Btw. backpointers require a guarantee that the values pointed at are not moved as long as the pointers themselves are valid. Before, the compiler would ensure that things borrowed from didn't move, but that isn't enough to implement some systems with longer-living or self-referential pointers. And generally Rust doesn't guarantee that things won't move around. But there is going to be support for "pinning" values. That still doesn't get you all you need for backpointers (which have really complicated semantics if you think about it!), but again, one step of expressivity more that allows you to implement backpointers in unsafe code, but then expose a safe interface where you can get "pinned" references to the nodes.

  • Backpointers aren't that bad. You have two pointers, locked together by a simple invariant. That invariant has to be valid both before and after any operation on either pointer or deletion of either object. The problem is that in most languages, it's hard to talk about an invariant between two variables. But what you have to check or prove is trivial. You don't need a full theorem prover, just some standard compiler-type checks.

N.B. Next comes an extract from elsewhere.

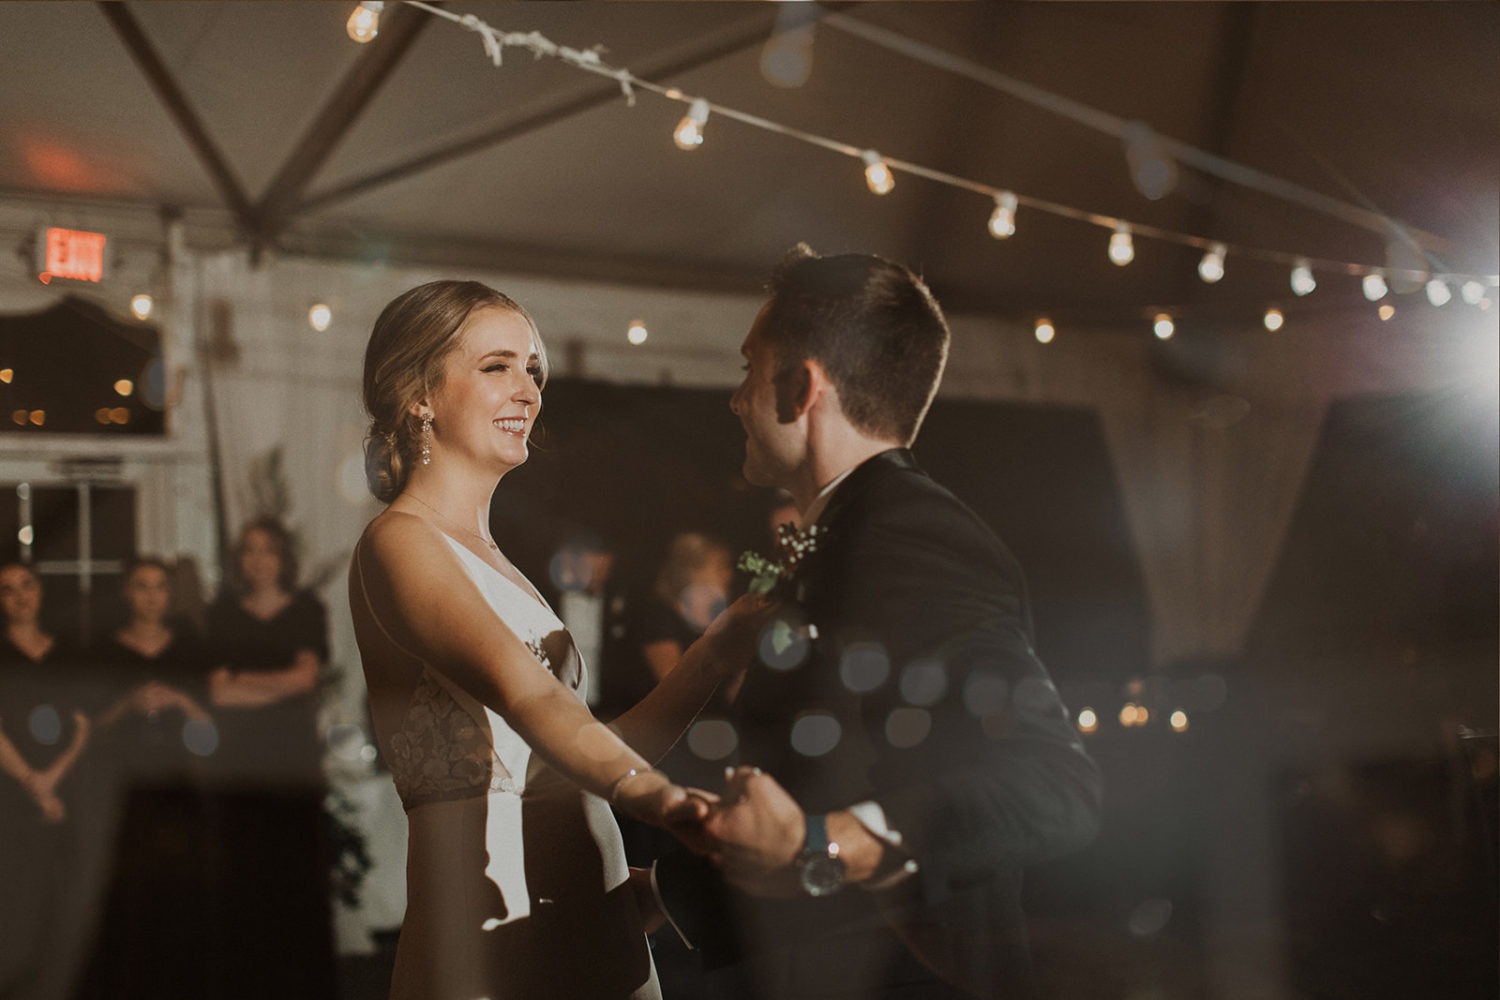 Couple dances at wedding reception captured by wedding videographer

    That's what I'm getting at here. There are only a few special cases where you really need unsafe code. Backpointers, partially initialized arrays, and foreign functions cover most of it. Yes, you can construct fancy situations like hash maps where there's some performance benefit in having complicated sparse arrays of pointers interspersed with junk. Is it worth it? Zeroing memory is cheap. Go zeros everything and doesn't seem to suffer.

    The use case of Rust is memory safety without garbage collection. Keep that in mind. Try not to get too clever. Too much "unsafe", and it will break. Not just through coding bugs. Because someone will change something that was based on an implicit assumption made in the past by another.

    • You don't get to hand-wave away the complexity by just asserting that it is trivial. The hard part of all static analysis tools is reasoning about pointers.

      > Go zeros everything and doesn't seem to suffer.

      What are you referring to by this? For most CPU bound things, Go is measurably slower than Rust. If you mean that Go is successful as a language, well... that's almost like saying "why do you need structs/value types? Python allocates everything and doesn't seem to suffer". The languages have different domains/primary targets.

> But it all seems to be about "raw pointers", which are mostly for talking to non-Rust code and probably ought to be on the way out as more low-level libraries are implemented in Rust.

Plenty of pure Rust code uses pointers. They're necessary for the implementation of things like `Vec`. Raw pointers aren't going anywhere.

> The expressive problems with the ownership model mostly involve backpointers.

These problems can be trivially solved in 95% of cases with arena allocation. The other 5% fundamentally require bespoke solutions because you're trying to do something elaborate/niche.

This work is far more foundational than any of that. It applies to references just as much as raw pointers- it determines how much the borrow checker is allowed to permit, for example. You can't even begin to write the sorts of things you're suggesting without this.